Dunbar lumber will cut for you. They are great.


----------



## tony1928 (Apr 22, 2010)

If you are looking to build out of ply then I think you've already hit on a key point. You need accuracy. I built mine out of dimensional lumber I. E. 2x4 and it was easy to do with a borrowed mitre saw. Personally I would rent a saw and then you could take your time to make sure things are exact. Table saw rentals aren't too expensive at all.


----------



## mikebike (Sep 8, 2010)

Your welcome to come to S Surrey to use my table saw for free.
I have 3 10 inch ones and need to sell a couple.


----------



## Vancitycam (Oct 23, 2012)

Might as well just buy, use until you're done then there's no rental clock rushing a one day job take your time then after sell it if you don't need it or have the space to keep it.


----------



## kacairns (Apr 10, 2012)

Most table saws you can borrow from others or buy at a decent price, will not give you the quality/easiness of cutting you're looking for or require. Even those larger Makita/Bosch/Dewalt "job site" saws on stands you don't want to be cutting on if you're looking for the quality of the cut. What I've always done myself is gone to Windsor Plywood in Burnaby have them make the rips on their properly setup table saw. I've always had them do them accurately without me having to ask. I then use guides and clamps to make the cross cuts myself at home with a 60 tooth blade in the skilsaw.

Also depends on the material you're cutting, how you cut it.


----------



## jbyoung00008 (May 16, 2011)

Precision cuts lol are you building a piano or a fish tank stand j/k its my favorite expression I use at work all the time. Its not the tool that makes the perfect cut, its the man behind it. 

Windsor plywood is good they are pro. Homedepot is some random using the saw that day


----------



## Spit1A (Apr 7, 2014)

Thanks for all the tips everyone!

I'll have to go check out Dunbar Lumber and Windsor Plywood.

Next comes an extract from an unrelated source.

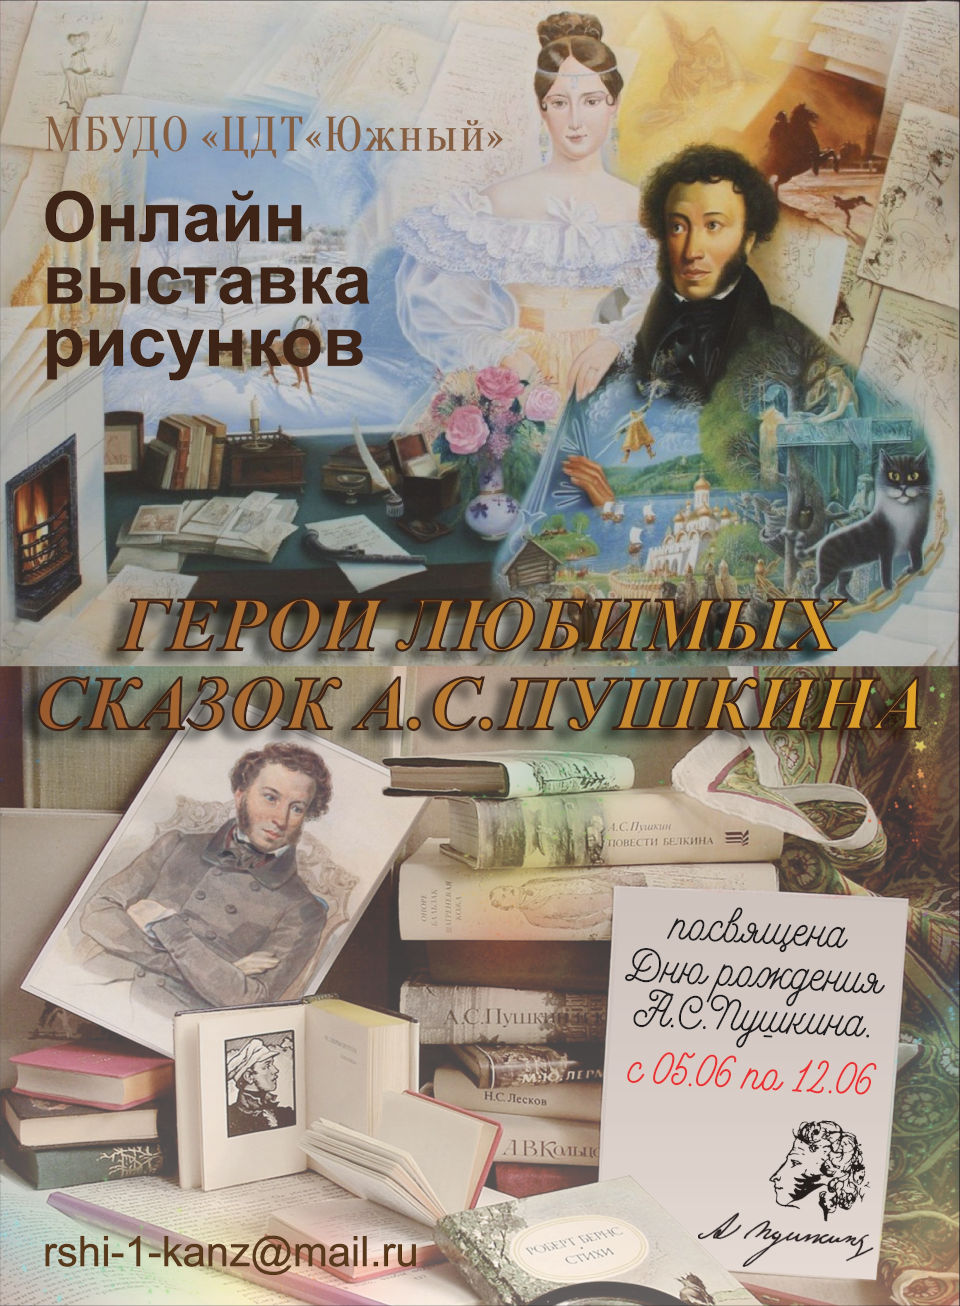 Онлайн выставка рисунков «Герои любимых сказок А.С. Пушкина»

> Your welcome to come to S Surrey to use my table saw for free.


Thanks for the really generous offer mikebike!! I'm not sure which option I'm going to go for but I'll keep your offer in mind. 
I'm glad I found this forum. Everyone is very supportive and helpful.


----------



## jbyoung00008 (May 16, 2011)

Spit1A said:


> Thanks for all the tips everyone!
> I'll have to go check out Dunbar Lumber and Windsor Plywood.
> Thanks for the really generous offer mikebike!! I'm not sure which option I'm going to go for but I'll keep your offer in mind.
> I'm glad I found this forum. Everyone is very supportive and helpful.

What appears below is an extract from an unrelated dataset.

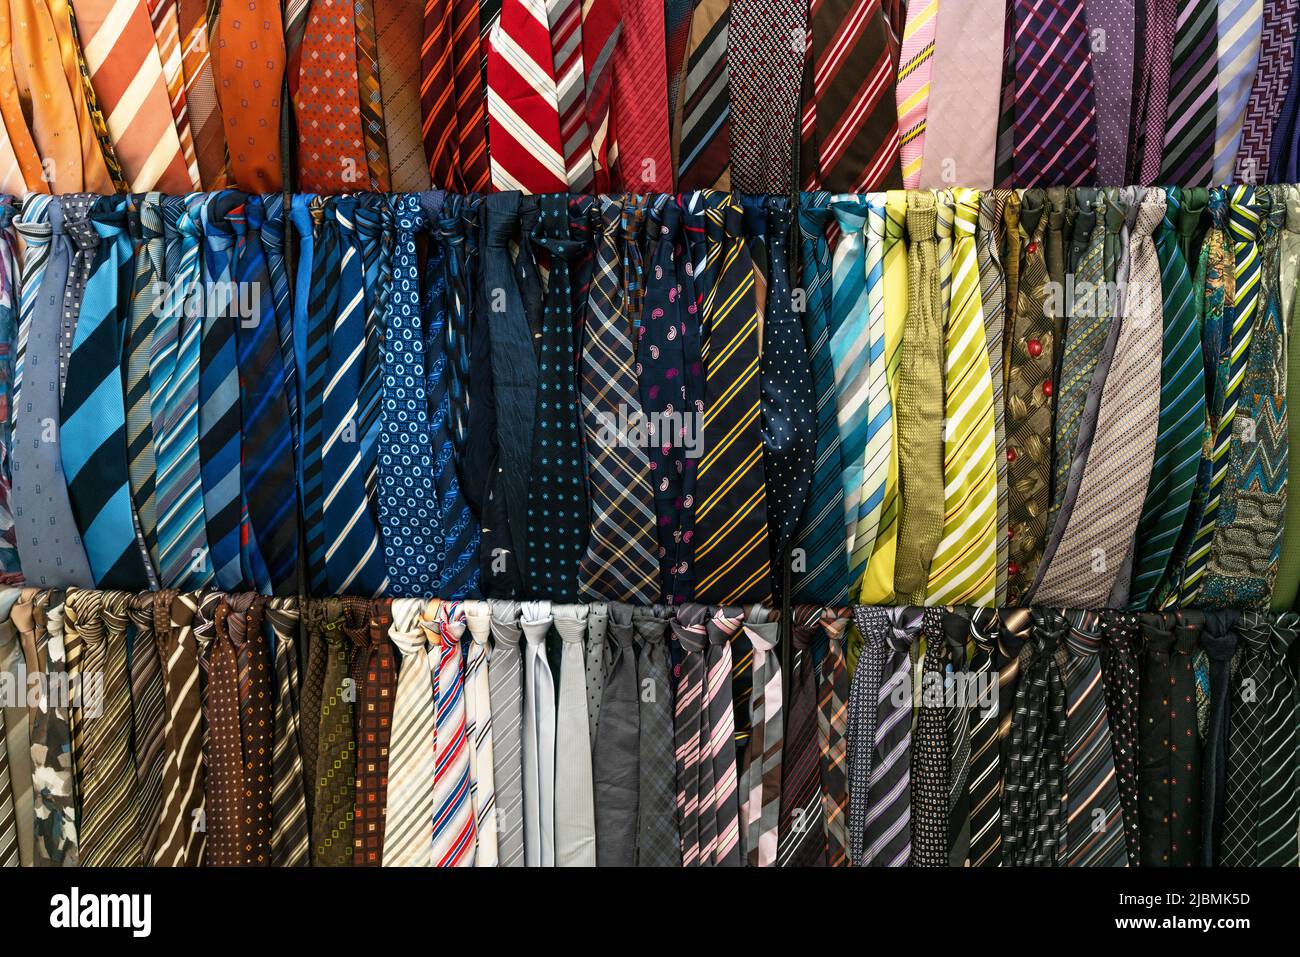 Magasin de cravate Banque de photographies et d'images à haute résolution -  Alamy

Lots of very, very, generous people on here. Welcome to the club!

I had my carpenter buddy build my stand. I know you said you are going ADA style but I have a few pics of mine being built. I used white oak veneered plywood with solid white oak for the trim. The pack panel is 1/4 plywood. I bought the plywood from Dicks Lumber the solid oak from my buddies work. Their painter stained it for me for a case of beer  He also clear quoted the inside. Its 3ft tall and very open and bright inside. http://www.bcaquaria.com/forum/album.php?albumid=326


----------



## mikebike (Sep 8, 2010)

many building sullpies stock plywood in pre cut sizes
ie: 2 ft X 12"/16"/18"/24"
3/4/6/8 ft "

I recently visted Smiths Plywood in Langley
they have an excelent selection and price
Office: (604) 574-4393 or (604) 574-4880
Open Mon-Fri (7:30-5:00) Saturday (8:00-3:00)

5674 192 St.
Surrey B.C.
V3S 2V7


----------



## gklaw (May 31, 2010)

ADA style stand requires precise cut. However, the precise fit, fabrication, and painting are important for a nice clean look.


----------



## gouedi (Apr 25, 2010)

i would like to make one too. anyone can help?


----------



## Ambrose (May 6, 2014)

Most of the suppliers will cut the wood for you but keep in mind that for quality you need different blades for cutting with the grain and a different blade for cross cuts. Your best bet will be to take the person who offered you to use his or if you know someone who has a large table saw. 

If you get the supplier to cut to take home just ask them to cut a half inch larger then you need and then make exact cuts later with someone who has a good table saw, not one of those small portable ones.


----------